Even as the gap between need and funding grows, the US Congress is mulling the end of one of the world's largest HIV programs: the President's Emergency Plan for AIDS Relief, commonly known as PEPFAR. Since 2003, PEPFAR has provided over $100 billion total in aid to provide HIV treatment to millions of people and to bolster response and prevention activities, the majority of which goes to African countries. Last year, PEPFAR funds represented about a quarter of total HIV funding in low- and middle-income countries from Haiti to Kenya to the Philippines.
PEPFAR is widely considered to be one of the most successful global health programs in the world, but some US legislators have soured on the program because of its inherent ties to sexual and reproductive health. HIV programming around the world has focused on improving safe-sex knowledge and practices. The sticking point for some conservative legislators is that some of the organizations that receive PEPFAR funds also provide abortion services.
In the wake of this dispute, the House Subcommittee on Labor, Health and Human Services, Education, and Related Agencies introduced a bill last year that would have eliminated nearly $500 million in HIV funding for the Centers for Disease Control and Prevention and over $3 billion in funding for the National Institutes for Health. Moreover, parts of the PEPFAR legislation are subject to congressional reauthorization.
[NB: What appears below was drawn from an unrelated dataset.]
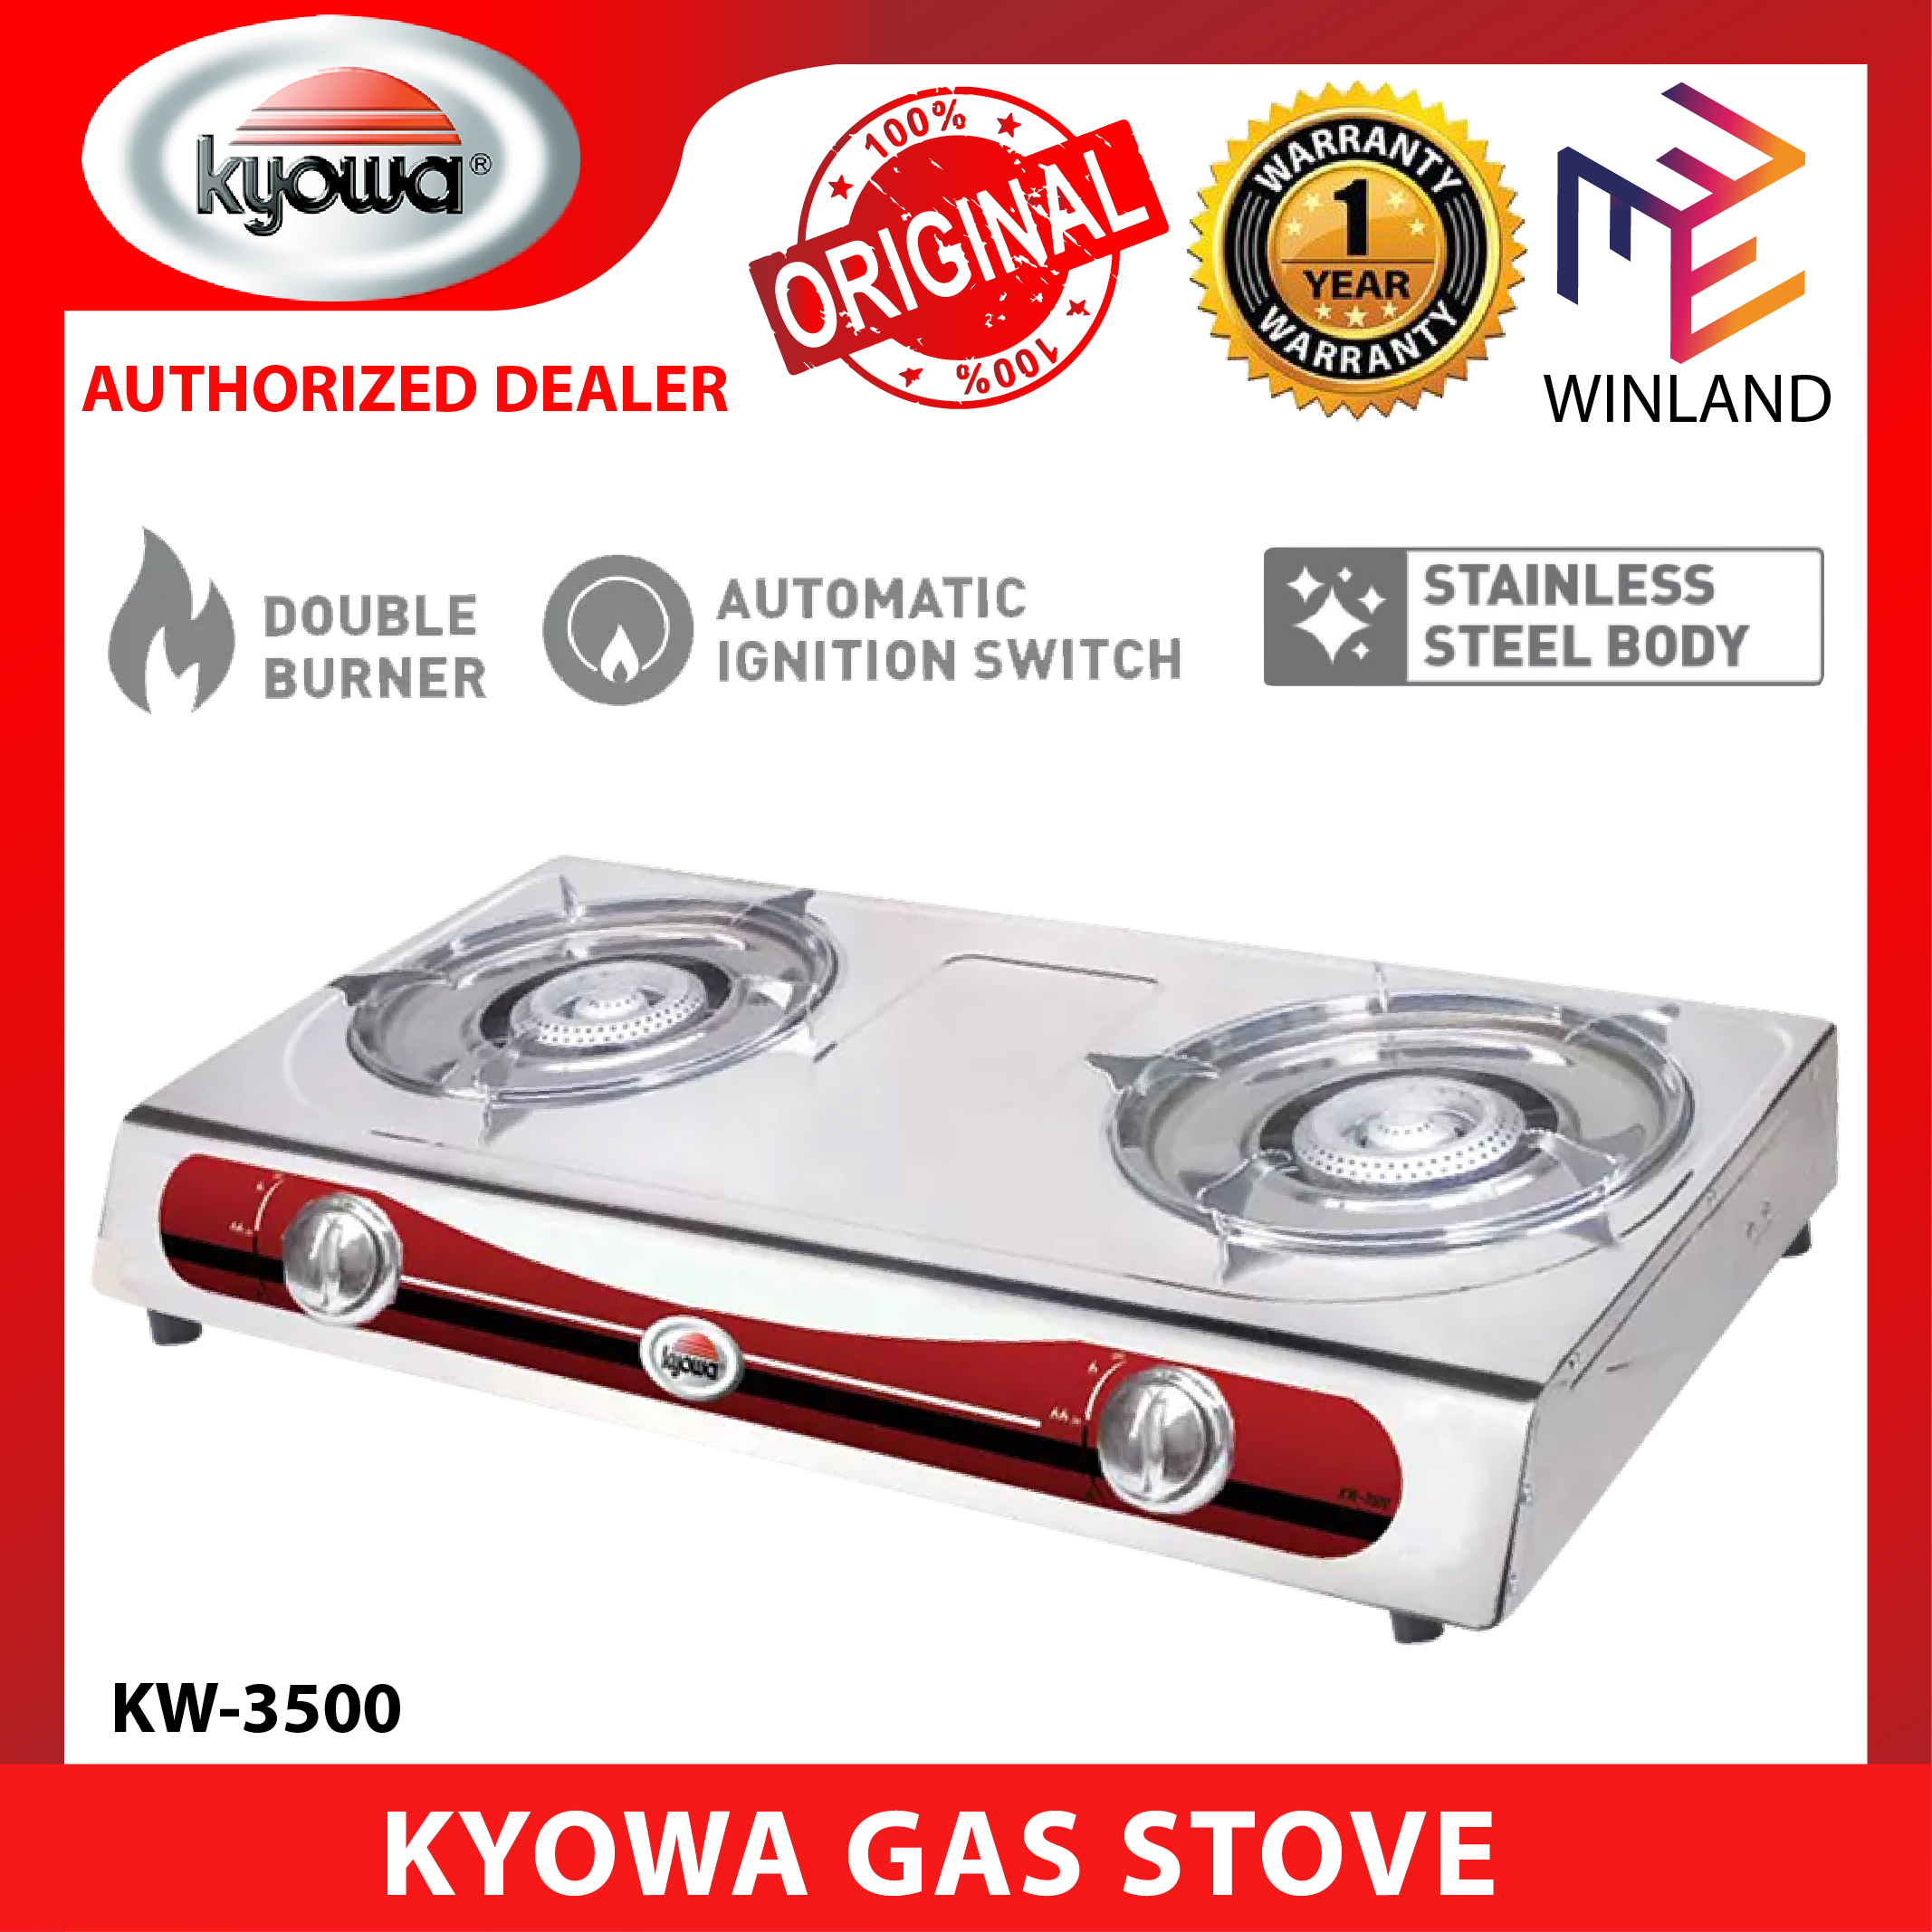 Winland Stainless Steel Double Burner Gas Stove, KW-3500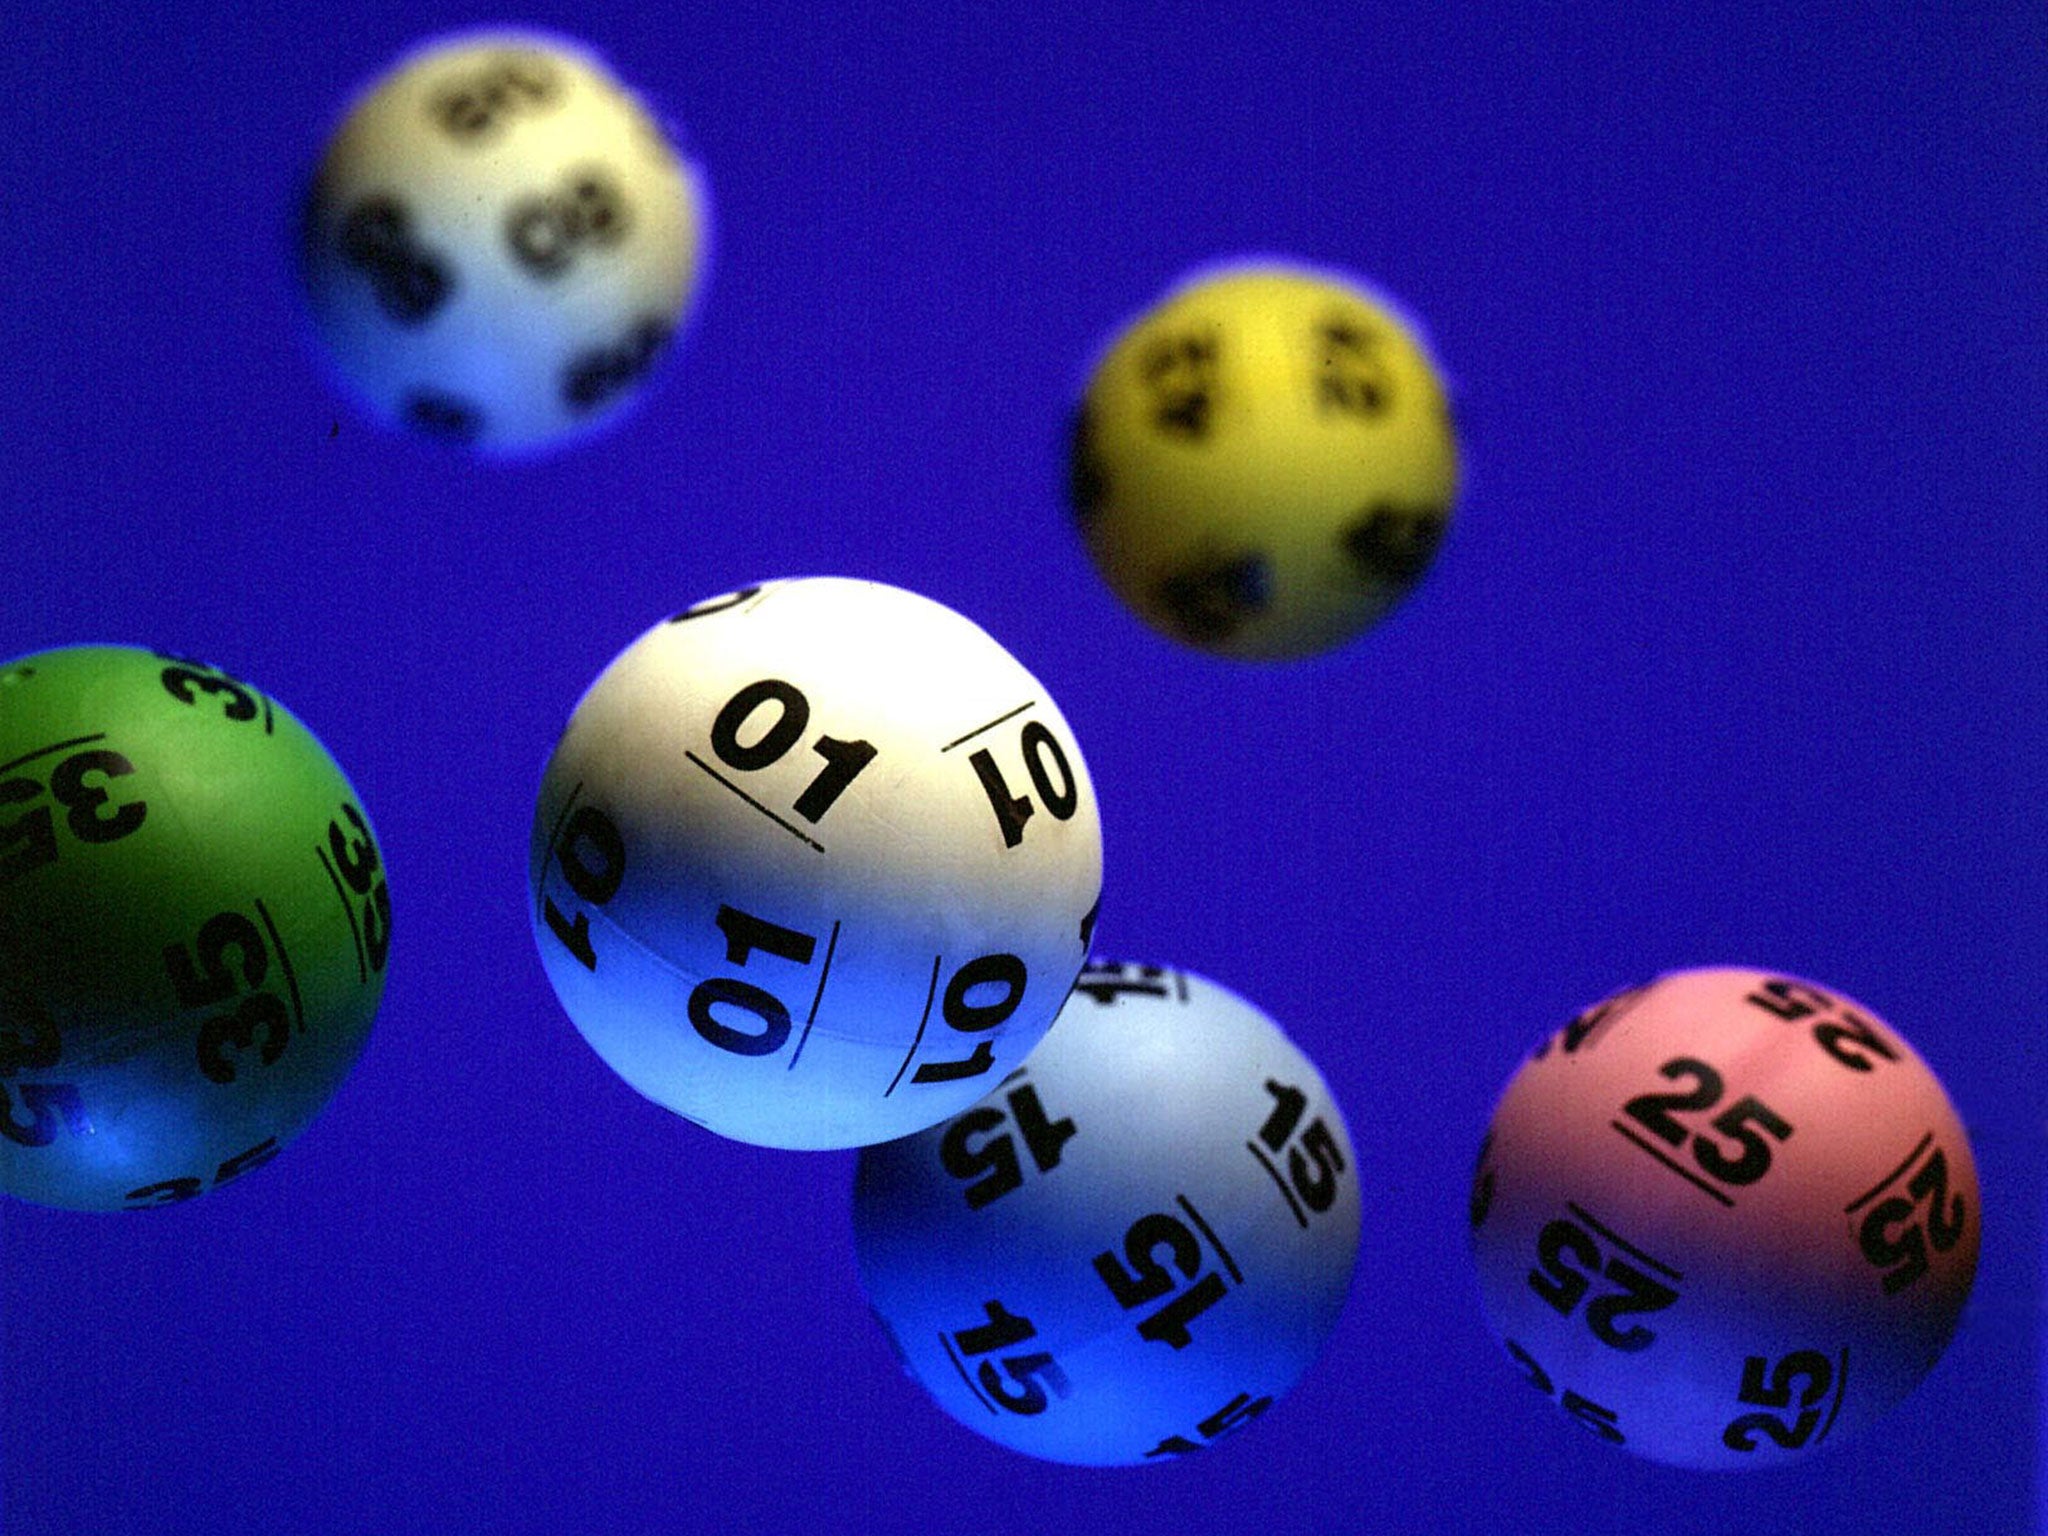 time of tonight's lotto draw

PEPFAR has been reauthorized three times, for a period of five years each time. But last year after PEPFAR partially expired, members of Congress debated whether to renew it.
After a prolonged standoff, largely along party lines, the omnibus funding bill passed in March 2024 reauthorizing the program, but only for one year. Come next March, debates around PEPFAR will resume. Sub-Saharan Africa has achieved amazing progress but if the program is not extended, there will be a huge hole in the global HIV response. Millions of lives may be threatened.